Please reproduce the listing below exactly, leaving out every picture.
*** Opening DATASET CONTENT ***
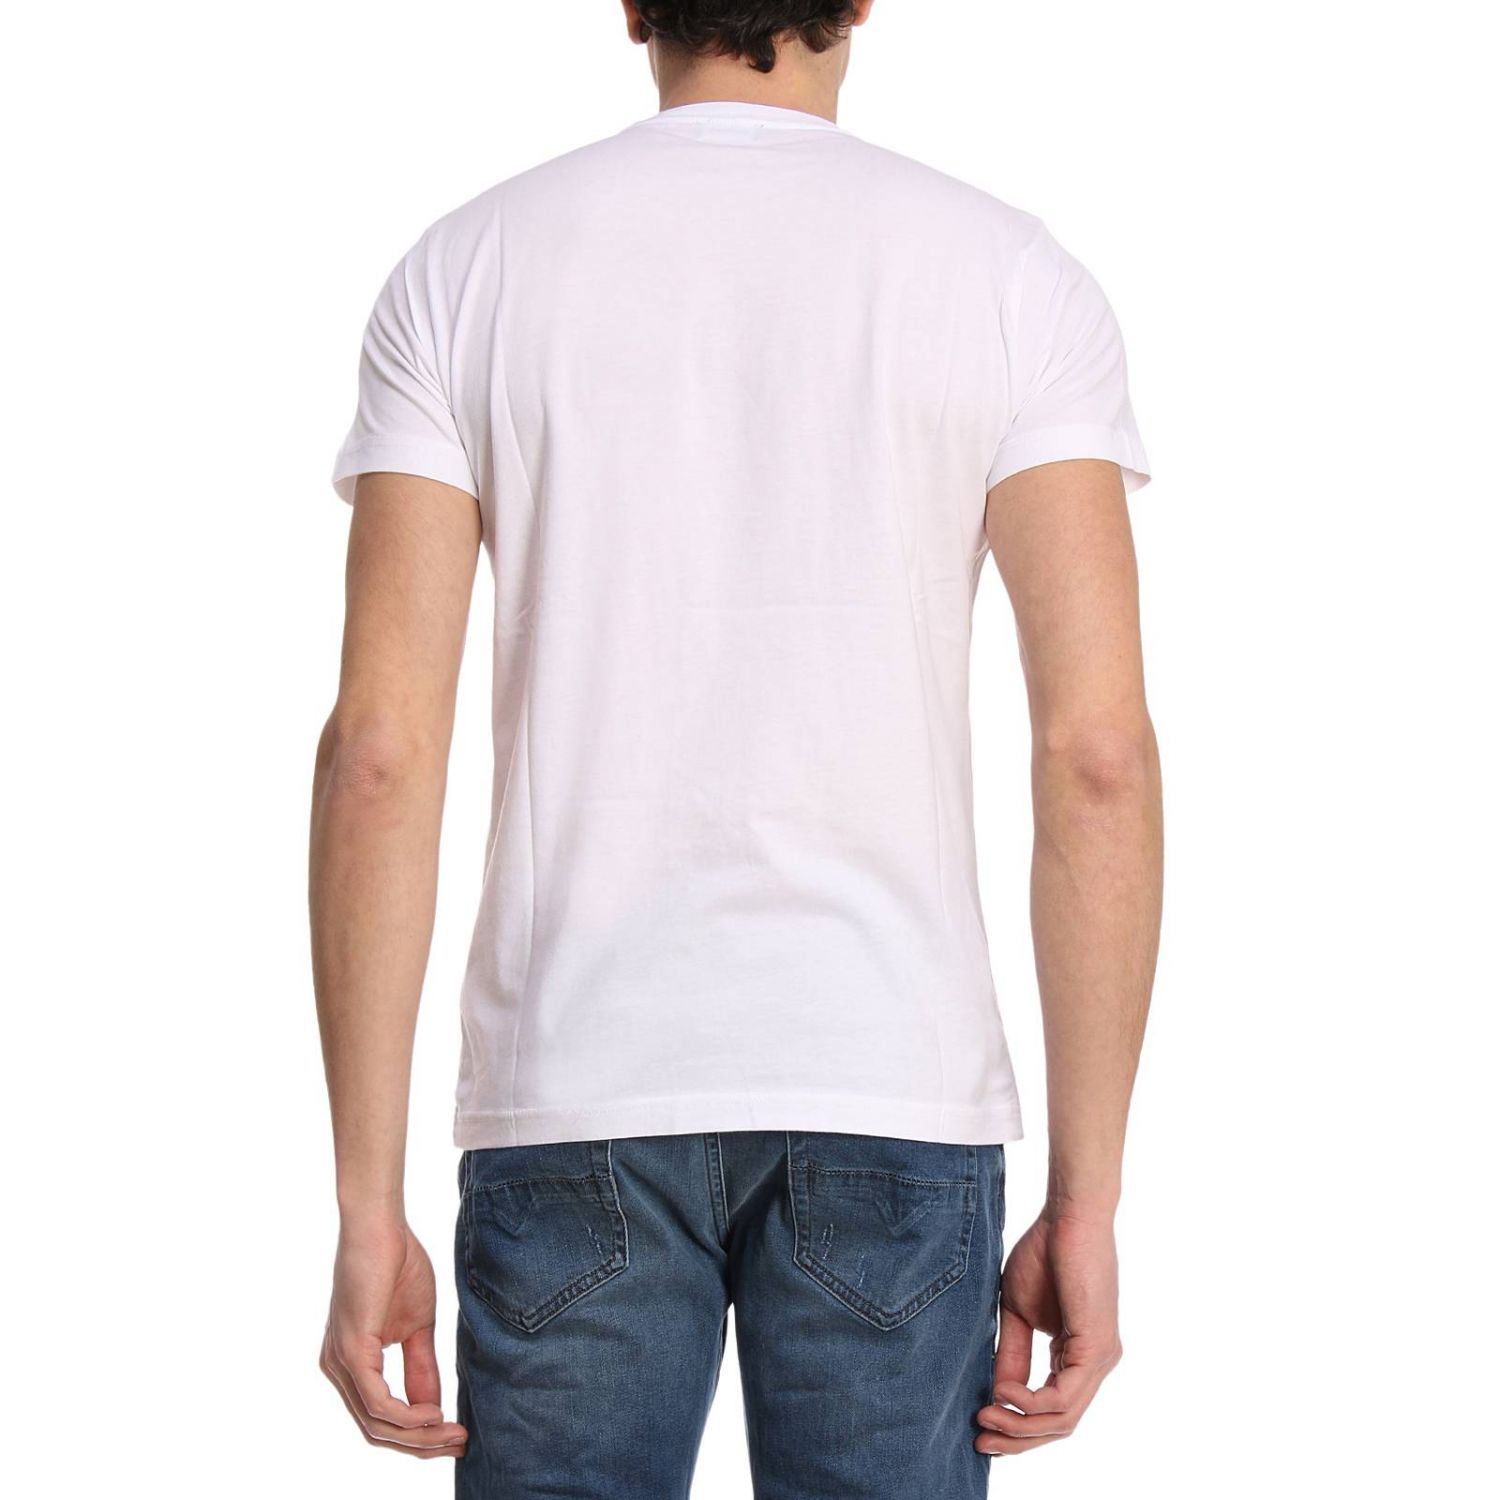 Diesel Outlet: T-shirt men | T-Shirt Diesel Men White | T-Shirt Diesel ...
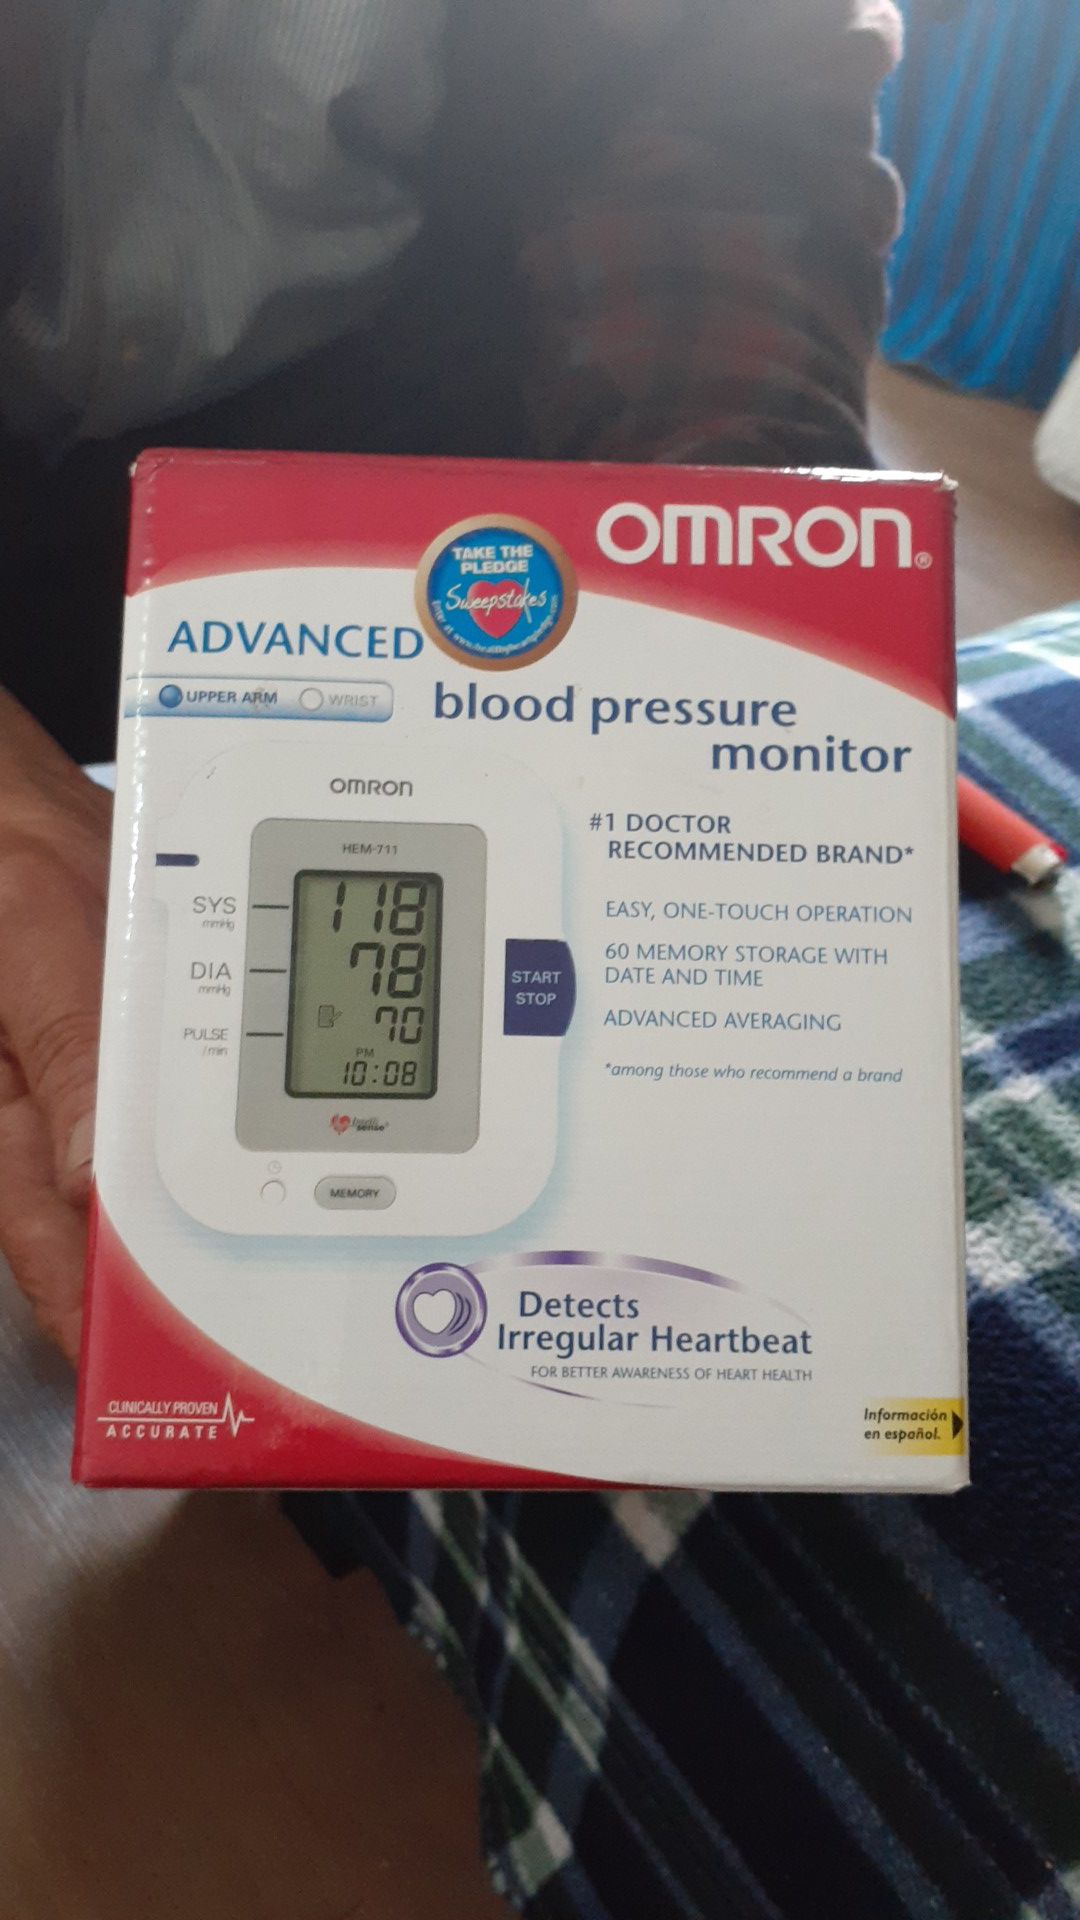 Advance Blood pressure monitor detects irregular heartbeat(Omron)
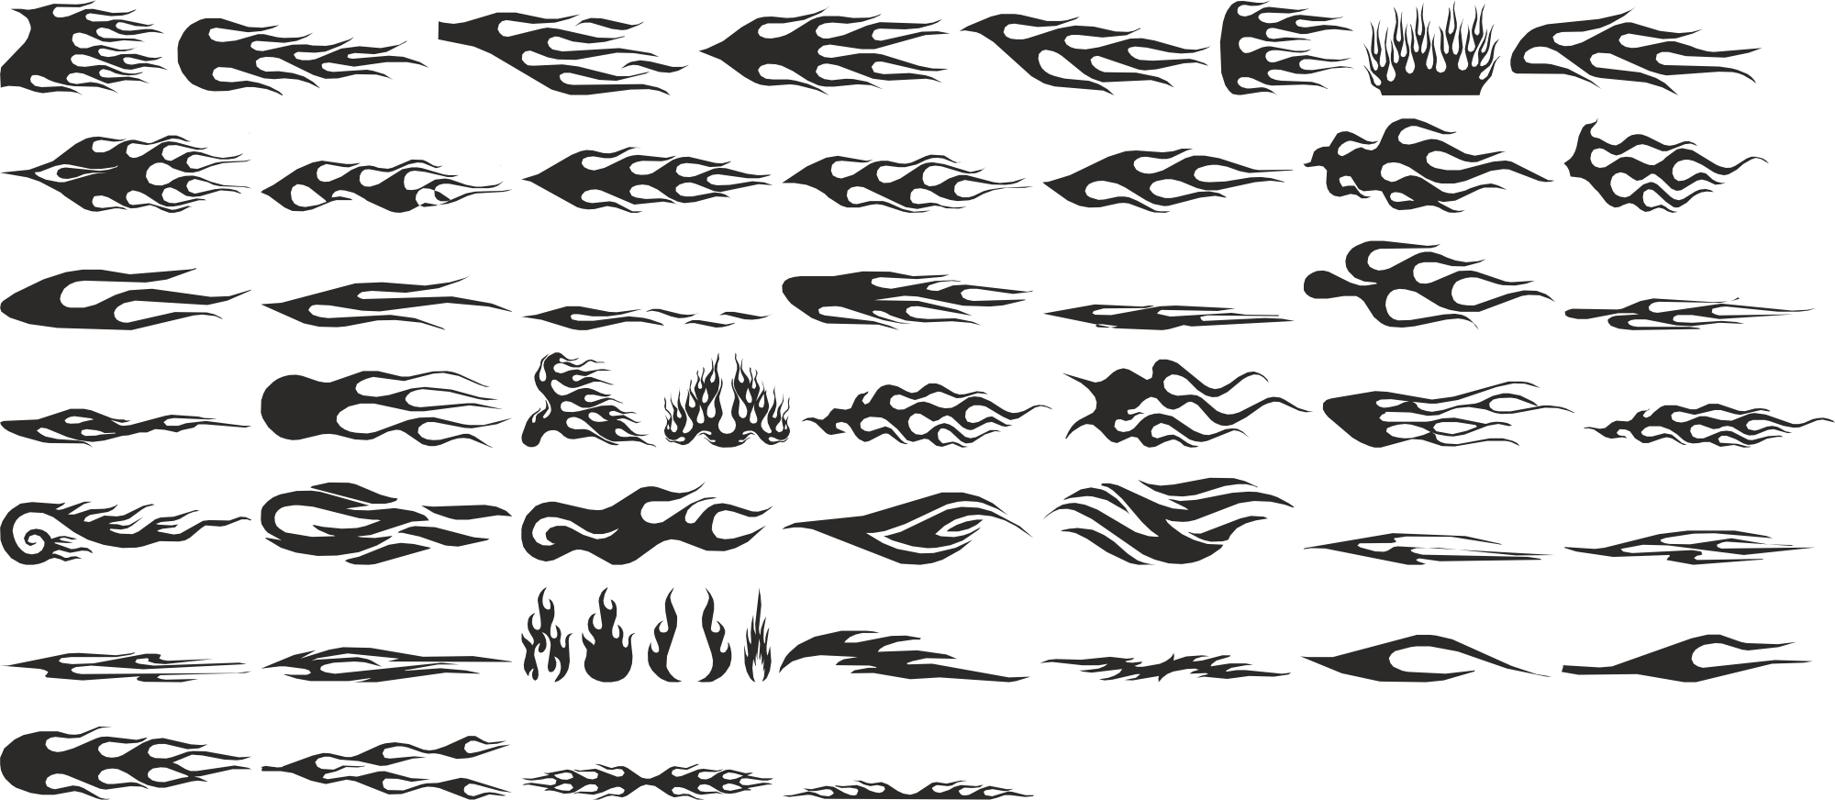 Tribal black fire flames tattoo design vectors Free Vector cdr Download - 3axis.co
*** Closing DATASET CONTENT ***
YOUR SOLUTION:
 Diesel Outlet: T-shirt men | T-Shirt Diesel Men White | T-Shirt Diesel ...
 Advance Blood pressure monitor detects irregular heartbeat(Omron)
 Tribal black fire flames tattoo design vectors Free Vector cdr Download - 3axis.co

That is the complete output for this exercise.